A crucial win, a gutsy win, and a win that proved beyond any doubt that even when results and performances are erratic, this Sunderland team has the heart for the fight, and the ability to dig deep and grind out results when needed.
After a dismal first half and a much-improved second, the Lads left Yorkshire with all three points and the huge confidence boost that winning a game like this can provide.
Pre-match, Mowbray’s selection of Leon Dajaku, as well as a place on the bench for Jewison Bennette and the omission of Edouard Michut from the matchday squad raised one or two eyebrows, but as ever, the head coach would either stand or fall by his decisions.
Indeed, the temptation to slip into ‘I’ll take a draw tonight’ mode was strong, but a glance at the table suggested that this was a game from which the three points needed to be banked. With Huddersfield mired in the bottom three and Cardiff next up on Wearside, it was a good chance to get back to winning ways and continue to recover from the sickening defeat to Burnley.

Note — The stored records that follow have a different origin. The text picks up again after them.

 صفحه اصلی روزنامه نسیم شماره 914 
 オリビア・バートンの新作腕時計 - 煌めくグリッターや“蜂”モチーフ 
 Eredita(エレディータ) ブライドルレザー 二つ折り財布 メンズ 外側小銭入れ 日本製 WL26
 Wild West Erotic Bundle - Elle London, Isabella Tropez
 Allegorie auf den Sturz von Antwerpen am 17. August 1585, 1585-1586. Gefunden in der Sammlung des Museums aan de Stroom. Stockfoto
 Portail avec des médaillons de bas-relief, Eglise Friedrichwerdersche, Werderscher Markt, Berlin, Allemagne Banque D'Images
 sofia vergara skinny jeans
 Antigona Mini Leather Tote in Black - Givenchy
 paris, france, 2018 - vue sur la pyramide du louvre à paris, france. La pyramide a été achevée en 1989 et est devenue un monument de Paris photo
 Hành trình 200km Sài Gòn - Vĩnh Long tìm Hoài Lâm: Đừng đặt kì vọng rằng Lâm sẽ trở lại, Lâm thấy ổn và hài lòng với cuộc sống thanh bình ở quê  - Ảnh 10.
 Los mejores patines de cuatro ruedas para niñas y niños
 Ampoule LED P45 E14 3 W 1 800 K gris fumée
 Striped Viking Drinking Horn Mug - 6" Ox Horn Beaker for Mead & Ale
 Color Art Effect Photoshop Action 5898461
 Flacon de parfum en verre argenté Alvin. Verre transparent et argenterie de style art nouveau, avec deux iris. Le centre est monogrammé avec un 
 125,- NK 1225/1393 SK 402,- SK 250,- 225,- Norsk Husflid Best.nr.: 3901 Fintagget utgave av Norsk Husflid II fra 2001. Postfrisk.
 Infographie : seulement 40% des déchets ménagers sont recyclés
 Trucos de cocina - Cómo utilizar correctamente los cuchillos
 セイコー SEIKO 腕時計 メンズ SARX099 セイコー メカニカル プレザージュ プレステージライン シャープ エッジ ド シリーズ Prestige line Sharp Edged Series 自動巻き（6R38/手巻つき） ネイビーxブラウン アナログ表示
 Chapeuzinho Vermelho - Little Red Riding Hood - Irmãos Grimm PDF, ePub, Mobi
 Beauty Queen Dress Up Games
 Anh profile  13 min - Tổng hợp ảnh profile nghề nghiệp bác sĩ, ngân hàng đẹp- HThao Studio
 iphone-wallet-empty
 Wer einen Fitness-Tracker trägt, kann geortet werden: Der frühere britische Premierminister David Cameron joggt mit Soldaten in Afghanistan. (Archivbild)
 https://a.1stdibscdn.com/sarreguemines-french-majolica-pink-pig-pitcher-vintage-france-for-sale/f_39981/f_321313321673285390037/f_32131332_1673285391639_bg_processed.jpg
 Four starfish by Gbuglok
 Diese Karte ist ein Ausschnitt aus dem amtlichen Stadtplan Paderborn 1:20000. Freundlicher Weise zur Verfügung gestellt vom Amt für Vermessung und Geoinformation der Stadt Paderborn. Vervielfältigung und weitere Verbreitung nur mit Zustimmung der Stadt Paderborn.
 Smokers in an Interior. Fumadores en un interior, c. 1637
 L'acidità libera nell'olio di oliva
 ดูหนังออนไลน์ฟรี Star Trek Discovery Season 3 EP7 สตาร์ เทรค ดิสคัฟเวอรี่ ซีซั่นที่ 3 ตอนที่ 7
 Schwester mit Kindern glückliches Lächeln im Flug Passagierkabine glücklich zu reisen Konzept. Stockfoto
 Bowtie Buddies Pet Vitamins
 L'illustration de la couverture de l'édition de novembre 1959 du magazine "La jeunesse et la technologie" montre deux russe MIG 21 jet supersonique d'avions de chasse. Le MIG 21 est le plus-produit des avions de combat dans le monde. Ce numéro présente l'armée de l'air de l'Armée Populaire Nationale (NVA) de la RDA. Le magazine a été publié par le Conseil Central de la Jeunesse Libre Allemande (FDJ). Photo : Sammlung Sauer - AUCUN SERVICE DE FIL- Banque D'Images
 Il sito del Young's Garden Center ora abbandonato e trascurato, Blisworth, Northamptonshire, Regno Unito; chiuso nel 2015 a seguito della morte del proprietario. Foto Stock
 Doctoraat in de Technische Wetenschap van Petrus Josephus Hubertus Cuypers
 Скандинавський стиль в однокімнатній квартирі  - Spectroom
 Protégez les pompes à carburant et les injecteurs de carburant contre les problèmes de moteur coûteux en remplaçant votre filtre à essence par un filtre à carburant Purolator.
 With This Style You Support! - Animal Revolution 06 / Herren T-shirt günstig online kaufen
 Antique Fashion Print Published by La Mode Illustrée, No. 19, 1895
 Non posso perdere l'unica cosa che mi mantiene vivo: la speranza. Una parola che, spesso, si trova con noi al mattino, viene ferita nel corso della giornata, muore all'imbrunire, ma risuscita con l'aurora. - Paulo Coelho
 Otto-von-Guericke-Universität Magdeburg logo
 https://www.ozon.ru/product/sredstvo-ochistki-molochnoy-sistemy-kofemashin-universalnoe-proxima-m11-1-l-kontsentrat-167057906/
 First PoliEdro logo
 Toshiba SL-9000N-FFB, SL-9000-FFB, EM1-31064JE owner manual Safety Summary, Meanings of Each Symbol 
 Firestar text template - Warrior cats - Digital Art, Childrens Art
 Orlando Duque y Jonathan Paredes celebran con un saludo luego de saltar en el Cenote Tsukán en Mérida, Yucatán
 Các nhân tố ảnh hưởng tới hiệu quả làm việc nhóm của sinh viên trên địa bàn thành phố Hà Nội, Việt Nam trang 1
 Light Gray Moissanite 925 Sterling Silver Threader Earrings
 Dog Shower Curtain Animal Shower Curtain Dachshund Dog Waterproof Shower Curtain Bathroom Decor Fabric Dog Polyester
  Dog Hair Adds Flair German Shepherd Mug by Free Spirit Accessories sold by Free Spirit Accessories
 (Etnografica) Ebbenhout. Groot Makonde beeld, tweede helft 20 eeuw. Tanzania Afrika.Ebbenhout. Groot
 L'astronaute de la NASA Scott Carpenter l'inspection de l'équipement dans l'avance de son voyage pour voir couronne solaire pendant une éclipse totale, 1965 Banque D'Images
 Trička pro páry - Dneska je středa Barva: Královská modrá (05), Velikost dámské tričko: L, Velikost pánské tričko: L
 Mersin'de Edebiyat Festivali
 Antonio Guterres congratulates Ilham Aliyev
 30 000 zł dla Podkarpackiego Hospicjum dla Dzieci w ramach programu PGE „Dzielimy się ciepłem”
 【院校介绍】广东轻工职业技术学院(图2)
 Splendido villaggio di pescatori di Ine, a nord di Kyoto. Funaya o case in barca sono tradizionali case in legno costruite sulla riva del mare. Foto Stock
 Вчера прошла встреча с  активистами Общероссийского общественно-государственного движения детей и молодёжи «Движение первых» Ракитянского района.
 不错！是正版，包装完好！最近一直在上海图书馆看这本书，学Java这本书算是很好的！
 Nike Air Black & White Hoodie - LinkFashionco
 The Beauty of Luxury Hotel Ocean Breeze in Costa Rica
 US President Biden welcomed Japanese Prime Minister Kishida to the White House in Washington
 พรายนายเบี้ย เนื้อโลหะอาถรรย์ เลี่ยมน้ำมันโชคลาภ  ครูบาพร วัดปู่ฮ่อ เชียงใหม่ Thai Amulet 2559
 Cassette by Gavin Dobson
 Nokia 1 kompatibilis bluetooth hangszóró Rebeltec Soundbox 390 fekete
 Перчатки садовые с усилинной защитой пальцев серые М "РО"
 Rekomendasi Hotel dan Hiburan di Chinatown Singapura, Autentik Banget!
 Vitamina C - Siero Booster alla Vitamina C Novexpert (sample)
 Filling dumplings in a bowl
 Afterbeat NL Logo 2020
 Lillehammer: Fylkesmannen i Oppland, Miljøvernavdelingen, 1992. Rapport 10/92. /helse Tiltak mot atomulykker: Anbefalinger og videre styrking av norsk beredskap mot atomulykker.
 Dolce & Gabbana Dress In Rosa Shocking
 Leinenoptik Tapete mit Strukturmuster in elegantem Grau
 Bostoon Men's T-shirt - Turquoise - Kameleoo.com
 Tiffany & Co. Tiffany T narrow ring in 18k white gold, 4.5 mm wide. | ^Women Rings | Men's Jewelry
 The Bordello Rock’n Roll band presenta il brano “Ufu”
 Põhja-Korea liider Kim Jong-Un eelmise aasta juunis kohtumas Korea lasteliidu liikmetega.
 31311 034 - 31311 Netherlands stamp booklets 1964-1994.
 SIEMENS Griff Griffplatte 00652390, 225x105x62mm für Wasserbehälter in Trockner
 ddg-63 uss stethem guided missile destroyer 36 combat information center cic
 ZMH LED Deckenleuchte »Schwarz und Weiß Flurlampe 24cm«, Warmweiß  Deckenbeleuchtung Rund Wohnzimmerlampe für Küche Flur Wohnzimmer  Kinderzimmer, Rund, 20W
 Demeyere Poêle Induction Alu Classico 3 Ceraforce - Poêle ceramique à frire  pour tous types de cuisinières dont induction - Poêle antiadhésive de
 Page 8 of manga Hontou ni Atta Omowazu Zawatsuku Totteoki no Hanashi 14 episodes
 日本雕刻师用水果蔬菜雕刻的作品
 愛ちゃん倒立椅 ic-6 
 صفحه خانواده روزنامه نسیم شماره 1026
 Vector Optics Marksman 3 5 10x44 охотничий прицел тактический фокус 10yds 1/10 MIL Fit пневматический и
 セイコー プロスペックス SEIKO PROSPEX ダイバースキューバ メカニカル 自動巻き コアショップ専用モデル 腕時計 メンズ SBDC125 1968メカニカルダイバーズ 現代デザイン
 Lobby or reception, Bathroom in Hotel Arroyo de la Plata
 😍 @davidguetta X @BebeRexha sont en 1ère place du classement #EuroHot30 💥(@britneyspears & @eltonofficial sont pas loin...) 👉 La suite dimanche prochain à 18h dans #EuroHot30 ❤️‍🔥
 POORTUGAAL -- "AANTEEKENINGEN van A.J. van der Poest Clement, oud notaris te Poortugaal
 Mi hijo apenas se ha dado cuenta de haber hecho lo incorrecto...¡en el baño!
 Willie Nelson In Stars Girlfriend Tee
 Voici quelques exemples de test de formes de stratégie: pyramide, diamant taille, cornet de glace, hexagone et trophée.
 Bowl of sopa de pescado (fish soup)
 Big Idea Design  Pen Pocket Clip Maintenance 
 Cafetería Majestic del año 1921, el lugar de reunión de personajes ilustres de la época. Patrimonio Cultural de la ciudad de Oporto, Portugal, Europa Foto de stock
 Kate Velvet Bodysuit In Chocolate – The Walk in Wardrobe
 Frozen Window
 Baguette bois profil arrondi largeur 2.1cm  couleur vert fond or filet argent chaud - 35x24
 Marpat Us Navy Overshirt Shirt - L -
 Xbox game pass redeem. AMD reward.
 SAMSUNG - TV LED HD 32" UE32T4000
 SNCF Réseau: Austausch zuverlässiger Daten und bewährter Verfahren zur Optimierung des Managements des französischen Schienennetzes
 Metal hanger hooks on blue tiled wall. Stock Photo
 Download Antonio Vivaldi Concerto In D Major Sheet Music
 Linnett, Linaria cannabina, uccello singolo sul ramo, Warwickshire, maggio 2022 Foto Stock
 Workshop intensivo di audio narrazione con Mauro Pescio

The early stages at a rainswept and sparsely-populated John Smith’s Stadium were reasonably uneventful.
We retained possession of the ball quite comfortably but an early run from Patrick Roberts was stopped by the linesman’s flag, and at the other end, a Jack Rudoni shot whistled over a bar after a neat turn on the edge of the box by the former Wimbledon midfielder.
Despite their lowly league position, Mark Fotheringham’s side had started brightly, and we did look slightly fragile at the back and too open in midfield as the Terriers tried to ramp up the pressure. A handball claim against Luke O’Nien - who’d started brilliantly - was waved away by the referee after an early scare.
Just before the twenty minute mark, a decent chance fell to Dennis Cirkin, who flashed a shot across the face of goal after an accurate cross, but that was a rarity - it wasn’t really clicking for the Lads, and ten minutes later, there was more frustration.
Despite some crisp passing in and around the Huddersfield area, Leon Dajaku’s shot was frustratingly off target after Corry Evans’ effort had been parried.
Frankly, by the half hour mark, the game had descended into a grind, with nothing to get excited about.
There was little action of note, the increasingly torrential rain made it difficult for both teams to find a rhythm, and when half time finally arrived, it was a relief, because from a Sunderland point of view, it had been a first half to forget.
Too many of our players had made little to no impact, and we looked disjointed and generally out of sorts. There was no lack of effort, summed up by a gritty performance from O’Nien, but it just hadn’t come together in key areas.
Mowbray changed things up ahead of the second half, as Ellis Simms entered the fray for Dajaku, but the first two chances fell to Huddersfield, as Ibrahima Diarra almost got on the end of a left-wing cross and Rudoni saw another shot drift wide.
Eventually, after fifty five torturous minutes, we made the breakthrough, and you couldn’t have written the script any better.
Ten minutes after he somehow kicked himself in the leg and fell over, Alex Pritchard was on hand to stab home the opening goal after some good work down the right wing from Patrick Roberts and Amad.
It was a brilliant moment for the former Huddersfield player, who’d been booed all evening and whose recent form had been patchy, but this was an ideal way to ram a few critical sentiments back down people’s throats.
After taking the lead, the question was whether we could hold our nerve and see the game out, ideally with another goal, and the introductions of Dan Neil and Abdoullah Ba - who continues to impress with every game he plays- hinted that attack was the plan.
Indeed, when Amad curled a shot wide of the right hand post, the lead was almost extended, but the tension lingered as the home team battled gamely to rescue something from the game. However, the on-loan Manchester Utd attacker was not to be denied.
With the clock running down and Huddersfield pushing for an equaliser, Simms slipped the ball to his teammate, who calmly stroked home our second goal, to the delight of another superb and relentlessly vocal away support.
Job done, and now it’s on to Saturday, where we have another chance to continue to build some momentum. We’ve responded well to the Burnley defeat, with a solid draw and a well-earned victory, and hopefully the league table will continue to look more favourable before we pause for the World Cup in just over a week’s time.